I can find no obvious error messages in /var/log.

If I run a command to show a crontab listing, that works and the attempt is logged:

= =
$ crontab -u _httpd -l

#
[...]

$ tail /var/log/cron
[...]
May 15 09:21:00 n0b cron[17560]: (_httpd) CMD FINISH (/usr/local/www/bin/graph-cputemp.sh >>/usr/local/www/logs/crontab-graph.log 2>>/usr/local/www/logs/crontab-graph.err)
May 16 18:25:30 n0b crontab[9766]: (root) LIST (_httpd)
= = =
ls -l  /usr/local/www/logs/crontab-graph.???
-rw-r--r--  1 _httpd  _httpd     684 Apr 28 00:40 /usr/local/www/logs/crontab-graph.err
-rw-r--r--  1 _httpd  _httpd  695088 May 15 09:21 /usr/local/www/logs/crontab-graph.log
= = =


The system has a USB Ethernet adapter connected, and is otherwise a stock Pi Zero 2W.

The logrotate pkg is set up in cron also:

# Thu Apr 28 00:16:45 UTC 2022
0       0       *       *       *       /usr/pkg/sbin/logrotate /usr/pkg/etc/logrotate.conf

No email from daily root cron jobs since May 4, 2022.

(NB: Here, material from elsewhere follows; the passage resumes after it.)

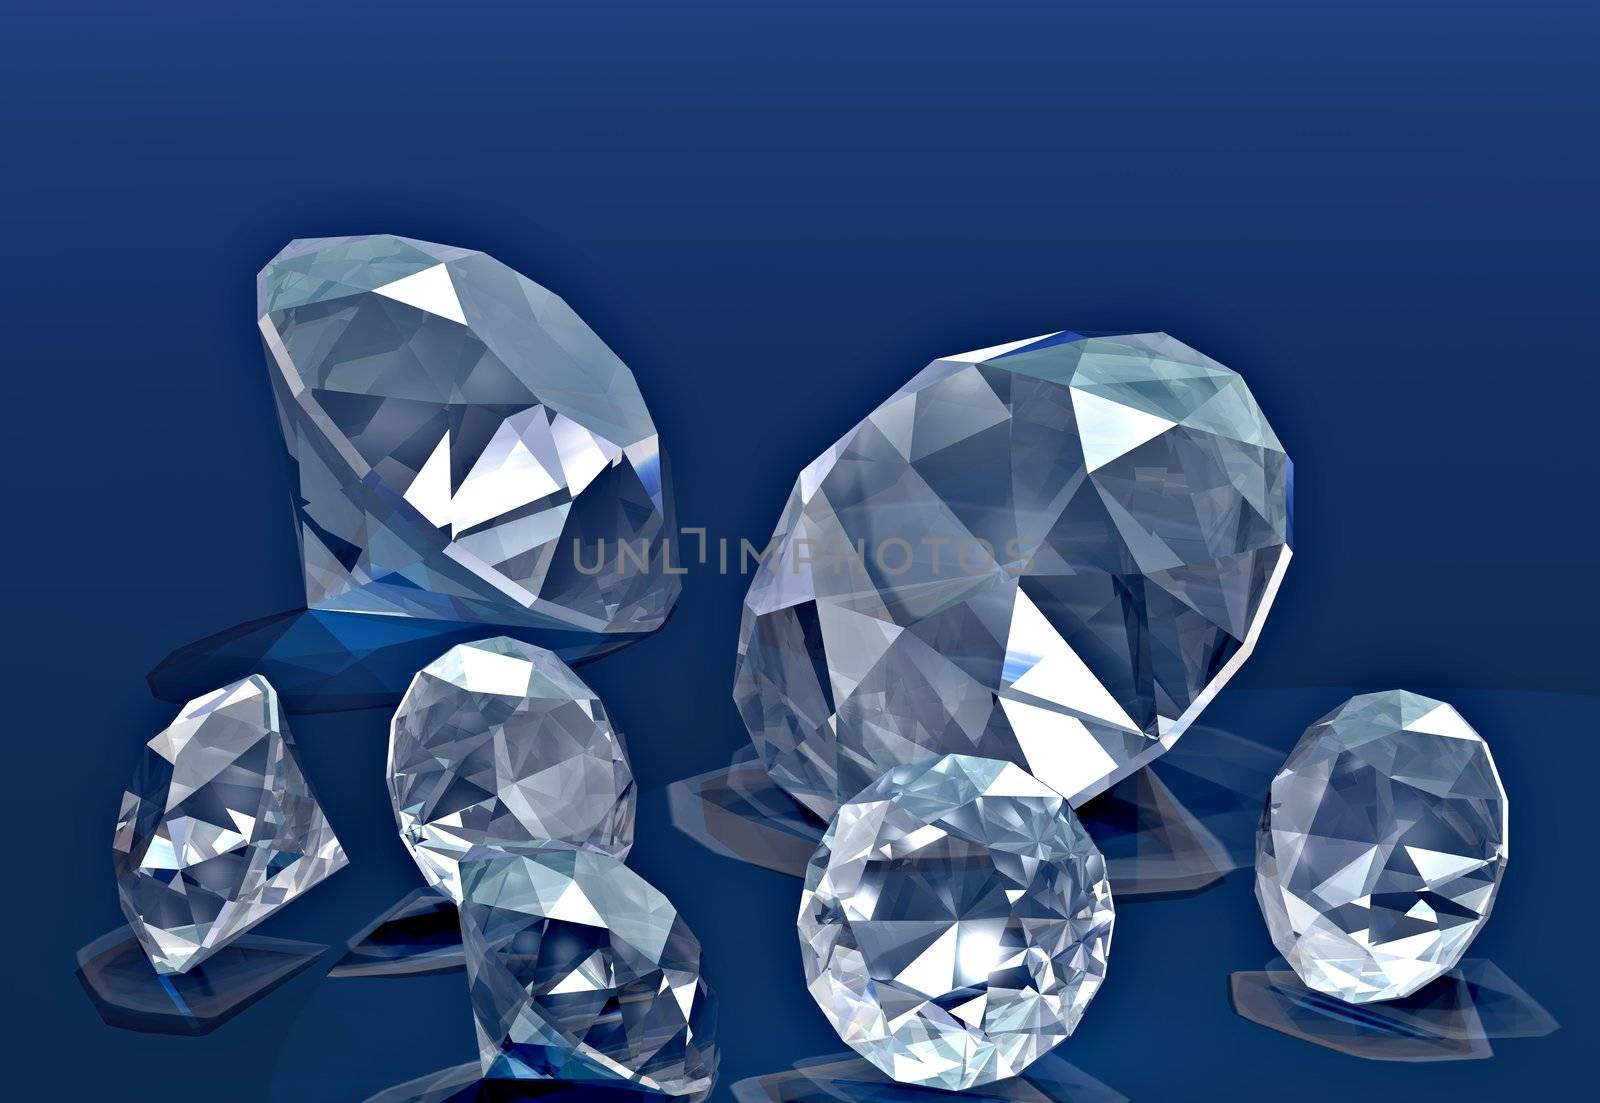 A handful of diamonds thrown onto blue velvet

The dmesg output is replicated here:

https://jspath55.blogspot.com/2022/04/raspberry-pi-zero-2-w-netbsd-dmesg-text.html




>How-To-Repeat:
Unsure how to repeat elsewhere.
Issue recurred after a reboot.
>Fix:
Unknown.

>Release-Note:

>Audit-Trail:
From: "David H. Gutteridge" <david@gutteridge.ca>
To: Gnats Bugs <gnats-bugs@netbsd.org>
Cc: 
Subject: Re: port-arm/56842: Cron hangs on Raspberry Pi Zero 2W
Date: Thu, 19 May 2022 21:57:05 -0400

 Hello,

 FWIW, I haven't seen this issue running older NetBSD releases
 (presently 8.0_STABLE) on an "old" Raspberry Pi B+. Granted, I don't
 run anything every minute. That machine has been running for years
 without a hiccup (other than power outages). I could try upgrading it
 to 9.2_STABLE and see if I can replicate this. A few thoughts off the
 top of my head follow.

 If you look at the system after the point cron seems to have stopped
 working, what does ps(1) tell you about the state of cron? What's the
 system load at the time? (I'm assuming you have a standard CRON_WITHIN
 value like 7200 and the machine isn't under an incredibly high load all
 the time, as that seems very unlikely.)

 You might try enabling extra debugging information with the -x option.
 Have you found any core files from cron?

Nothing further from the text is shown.